Publications

Scaling Up Semi-Supervised Learning: an Efficient and Effective LLGC Variant
Bernhard Pfahringer, Claire Leschi, and Peter Reutemann. Scaling Up Semi-Supervised Learning: an Efficient and Effective LLGC Variant. In Zhi-Hua Zhou, Hang Li, Qiang Ynag Publisher, editors, The 11th Pacific-Asia Conference on Knowledge Discovery and Data Mining (PAKDD 2007) [paper]
Domains like text classification can easily supply large amounts of unlabeled data, but labeling itself is expensive. Semi-supervised learning tries to exploit this abundance of unlabeled training data to improve classification. Unfortunately most of the theoretically well-founded algorithms that have been described in recent years are cubic or worse in the total number of both labeled and unlabeled training examples. In this paper we apply modifications to the standard LLGC algorithm to improve efficiency to a point where we can handle datasets with hundreds of thousands of training data. The modifications are priming of the unlabeled data, and most importantly, sparsification of the similarity matrix. We report promising results on large text classification problems.

A Semi-Supervised Spam Mail Detector
Bernhard Pfahringer. A Semi-Supervised Spam Mail Detector. In Steffen Bickel, editor, Proceedings of the ECML/PKDD 2006 Discovery Challenge Workshop, pages 48-53. Humboldt University Berlin, 2006. [paper]
This document describes a novel semi-supervised approach to spam classification, which was successful at the ECML/PKDD2006 spam classification challenge. A local learning method based on lazy projections was successfully combined with a variant of a standard semi-supervised learning algorithm.
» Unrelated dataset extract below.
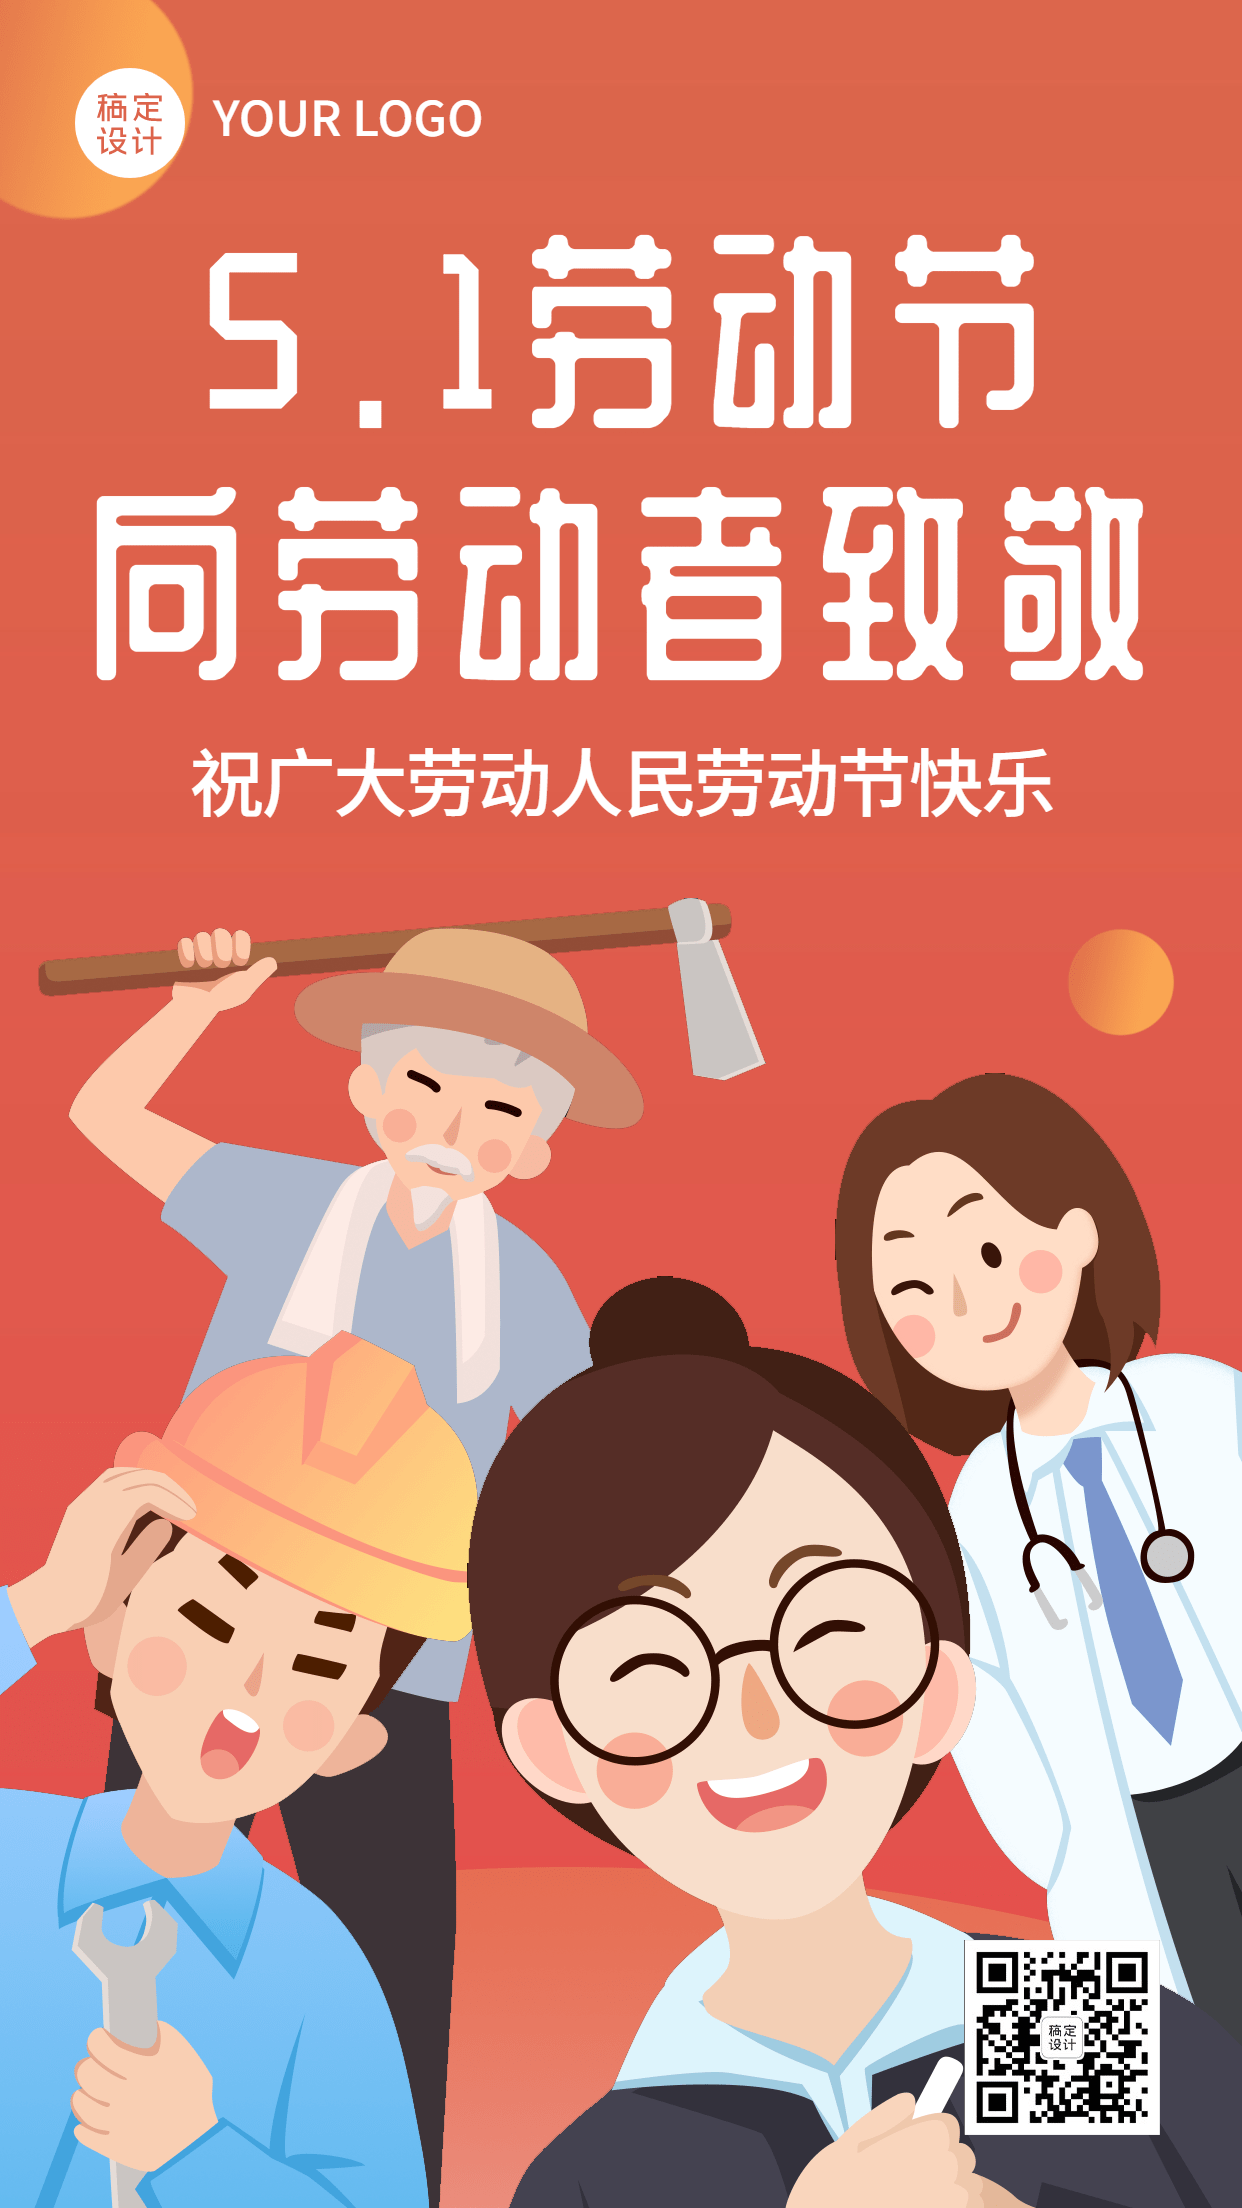 劳动节节日祝福插画手机海报预览效果
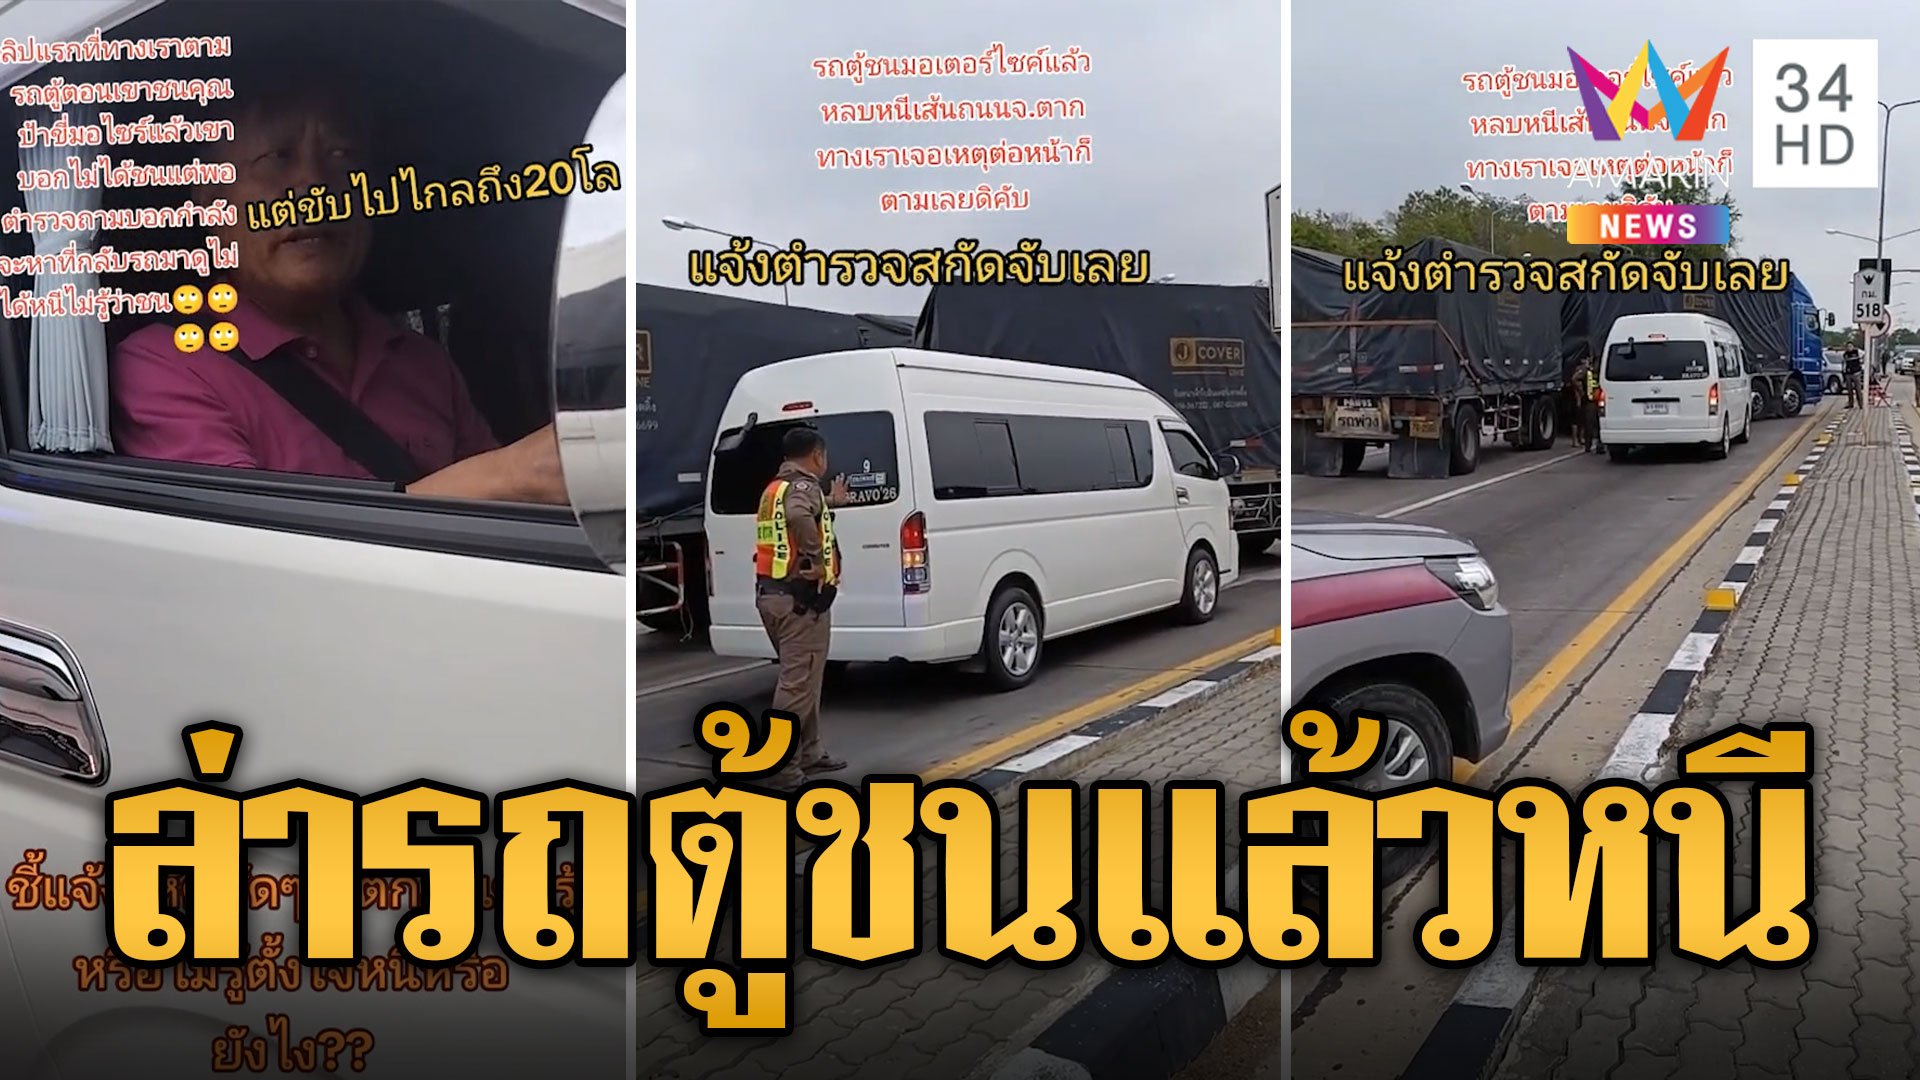 ระทึก! พลเมืองดีช่วยไล่จับรถตู้ชนแล้วหนี | ข่าวเที่ยงอมรินทร์ | 12 พ.ค. 67 | AMARIN TVHD34

Using Weighted Nearest Neighbor to Benefit from Unlabeled Data
Kurt Driessens, Peter Reutemann, Bernhard Pfahringer, and Claire Leschi. Using Weighted Nearest Neighbor to Benefit from Unlabeled Data. In Wee Keong Ng, Masaru Kitsuregawa, Jianzhong Li, and Kuiyu Chang, editors, Advances in Knowledge Discovery and Data Mining, 10th Pacific-Asia Conference, PAKDD 2006, volume 3918 of LNCS, pages 60-69, 2006. [paper]
The development of data-mining applications such as textclassification and molecular profiling has shown the need for machine learning algorithms that can benefit from both labeled and unlabeled data, where often the unlabeled examples greatly outnumber the labeled examples. In this paper we present a two-stage classifier that improves its predictive accuracy by making use of the available unlabeled data. It uses a weighted nearest neighbor classification algorithm using the combined example-sets as a knowledge base. The examples from the unlabeled set are pre-labeled by an initial classifier that is build using the limited available training data. By choosing appropriate weights for this pre-labeled data, the nearest neighbor classifier consistently improves on the original classifier.

A novel two stage scheme utilizing the test set for model selection in text classification
Bernhard Pfahringer, Peter Reutemann, and Mike Mayo. A novel two stage scheme utilizing the test set for model selection in text classification. In Ranadhir Ghosh, Brijesh Verma, and Xue Li, editors, Proc Workshop on Learning Algorithms for Pattern Recognition, Eighteenth Australian Joint Conference on Artificial Intelligence (AI'05), pages 60-65, Sydney, Australia, 2005. University of Technology. [paper]
Text classification is a natural application domain for semi-supervised learning, as labeling documents is expensive, but on the other hand usually an abundance of unlabeled documents is available. We describe a novel simple two-stage scheme based on dagging which allows for utilizing the test set in model selection. The dagging ensemble can also be used by itself instead of the original classifier. We evaluate the performance of a meta classifier choosing between various base learners and their respective dagging ensembles. The selection process seems to perform robustly especially for small percentages of available labels for training.